The company announced Tuesday that it will no longer have any of their customer service or technical support calls handled by offshore agents. This is in addition to the exclusive Canadian-based customer care that Primus' Wireless and TalkBroadband VoIP customers have received for some time.

In turn and to handle these calls Primus is expanding its Edmundston, New Brunswick contact center creating 113 new jobs, adding to over 200 employees currently in place. The provincial government will provide Primus Telecommunications Canada with a forgivable loan of $7,500 for each of the new positions.

"Every company with customer service operations that are partly outsourced, has heard some complaints from customers, for a variety of reasons, with respect to dealing with customer service representatives located overseas," says Rob Warden, VP Residential Marketing for Primus Canada. "Our customers have told us they prefer to deal with Canadian representatives and we're responding to their feedback.  While we hold all our representatives - wherever they are located - to a high standard, we have also come to believe that the best way to serve our customers is to locate as much of our customer service operation as possible in this country.

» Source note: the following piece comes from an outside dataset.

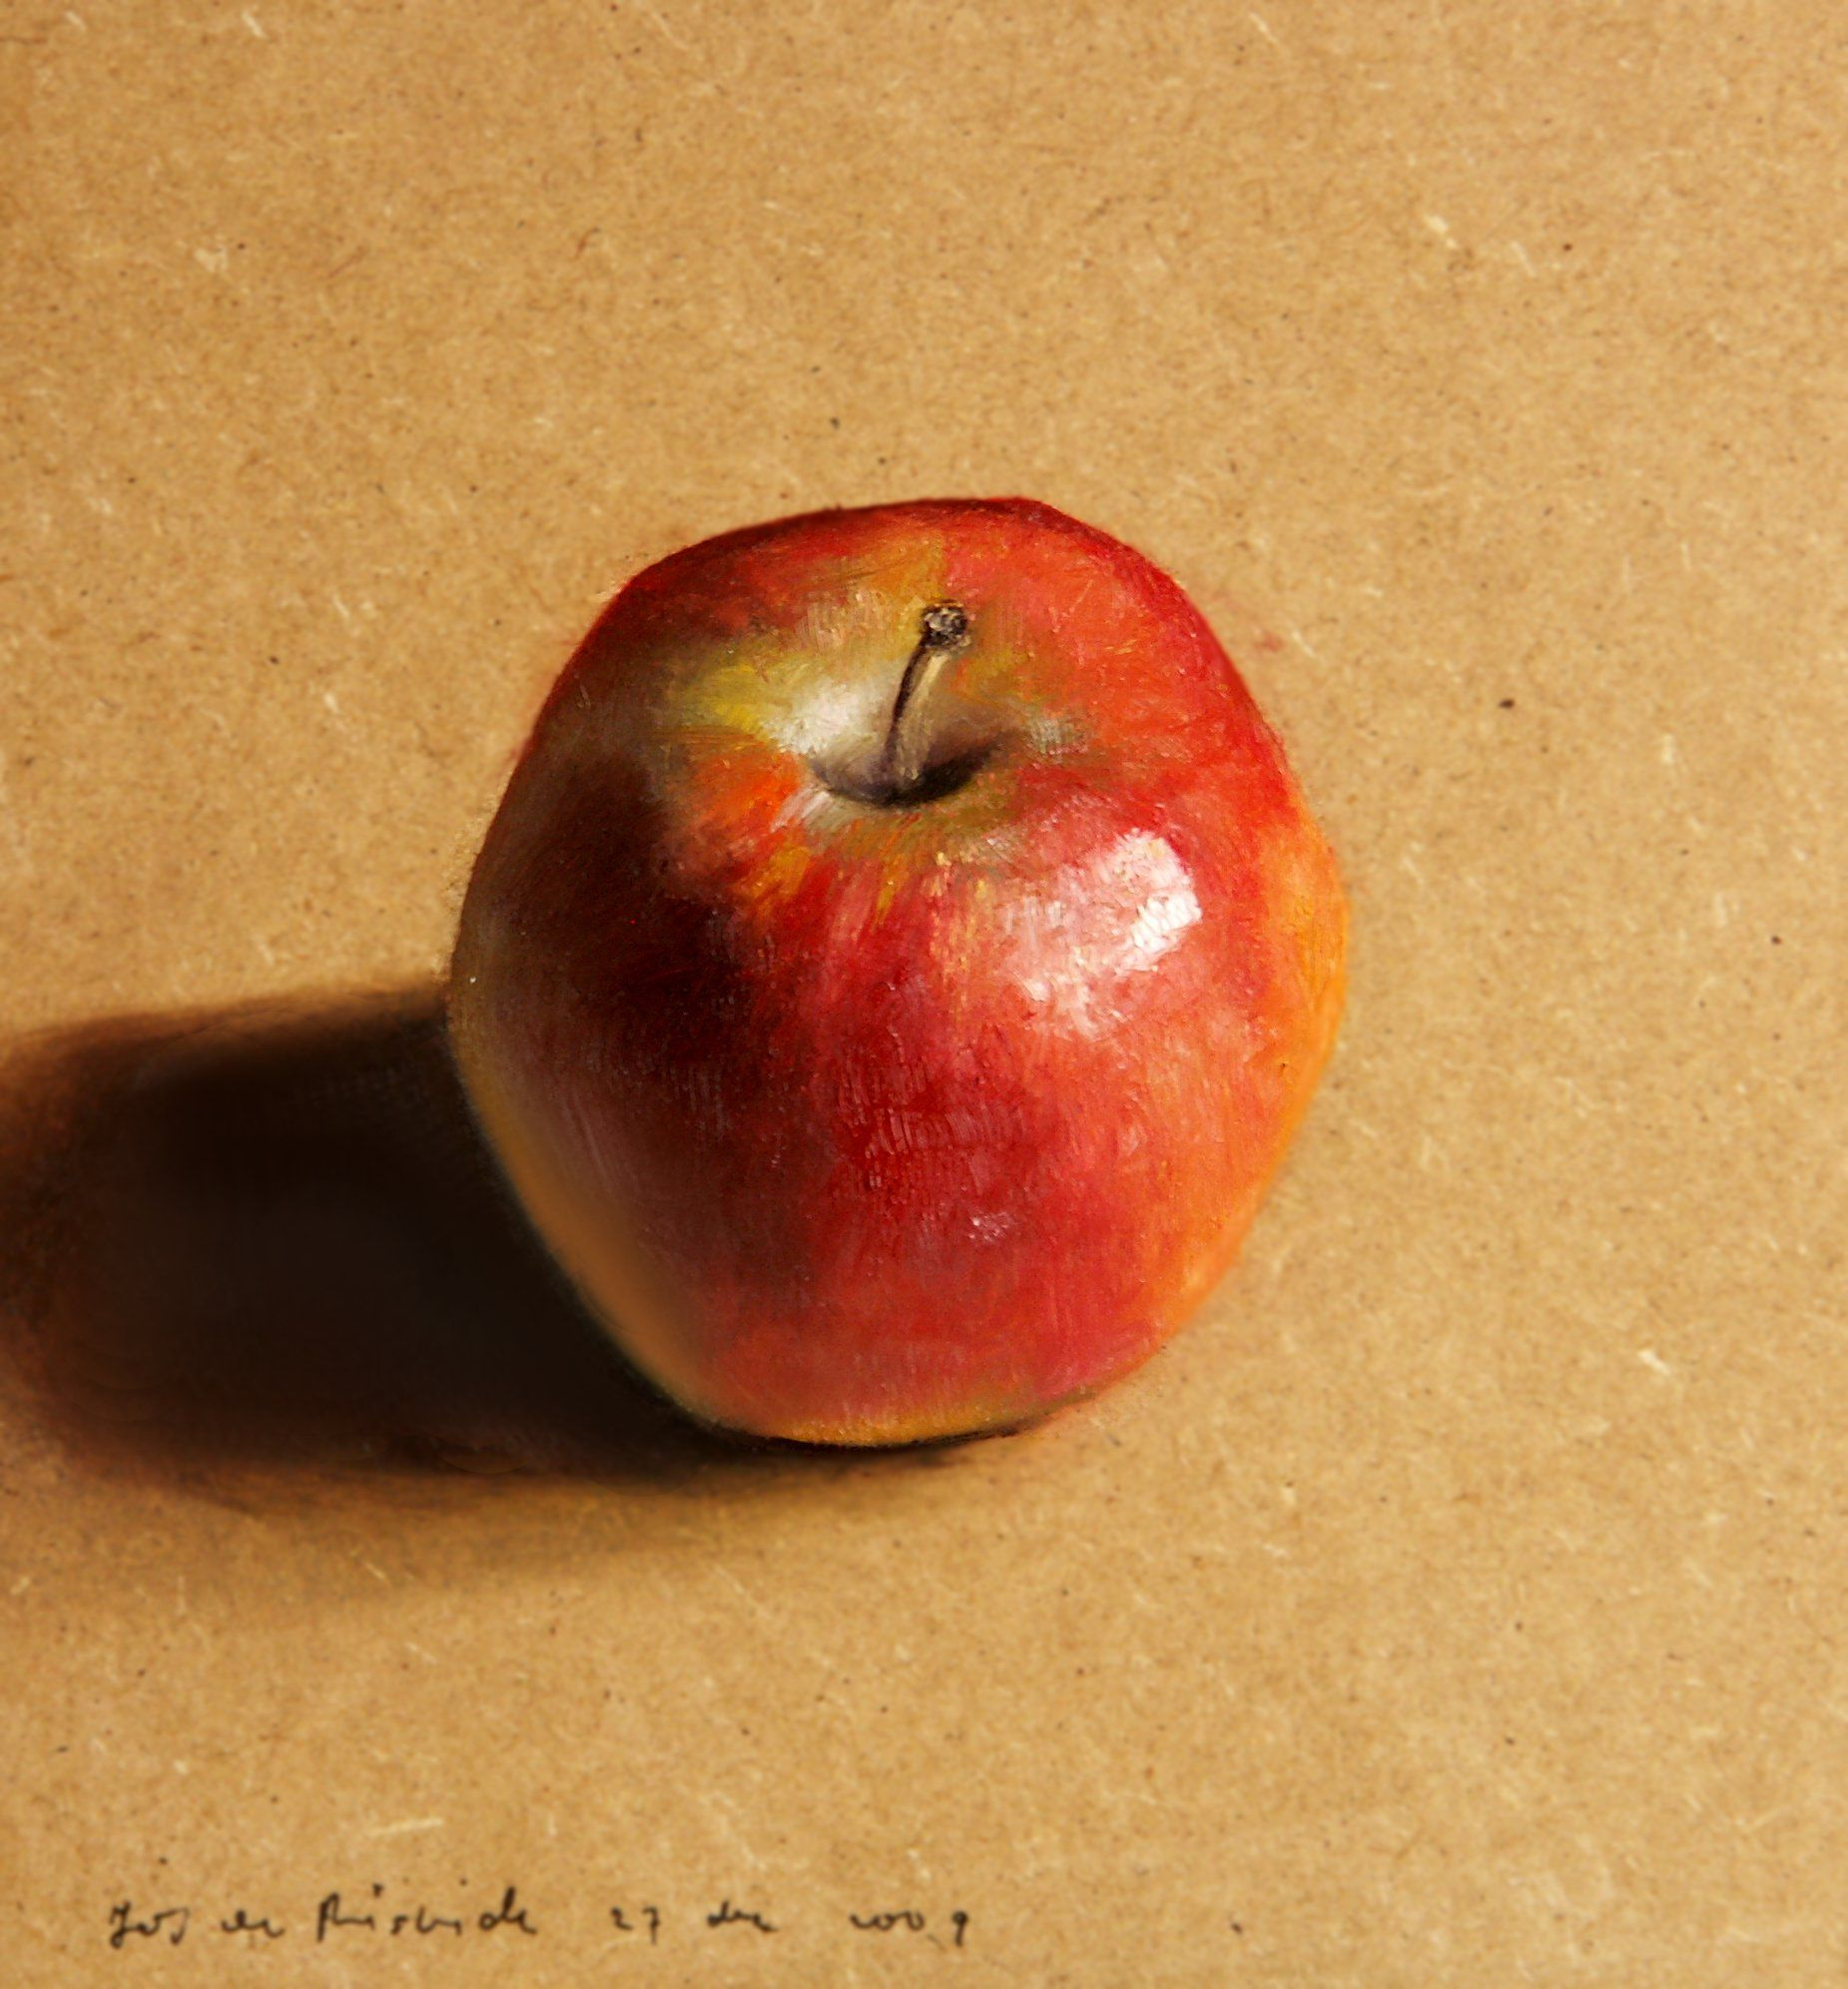 jos van riswick apple - Google Search   Still lifes I like ...

"We are also delighted to be able to play a part in local job creation during these challenging economic times."

There is irony in this news. New Brunswick, and Ireland, helped begin the move to nearshore/offshore contact center operations from the U.S. and other countries like the U.K. by offering their communities as berths with plenty of willing, able, educated, and low-cost labor. Both Ireland and New Brunswick are essentially rural, have many workers but too few opportunities; their best and brightest were being lured elsewhere to Britain and to Ontario respectively.

Former provincial premier (and later ambassador to the U.S.) Frank McKenna had seen what Ireland had done in attracting contact centers and followed suit, attracting outsourcers but also in-house customer service and sales. Other provinces saw what New Brunswick had accomplished and began seeking contact centers as well.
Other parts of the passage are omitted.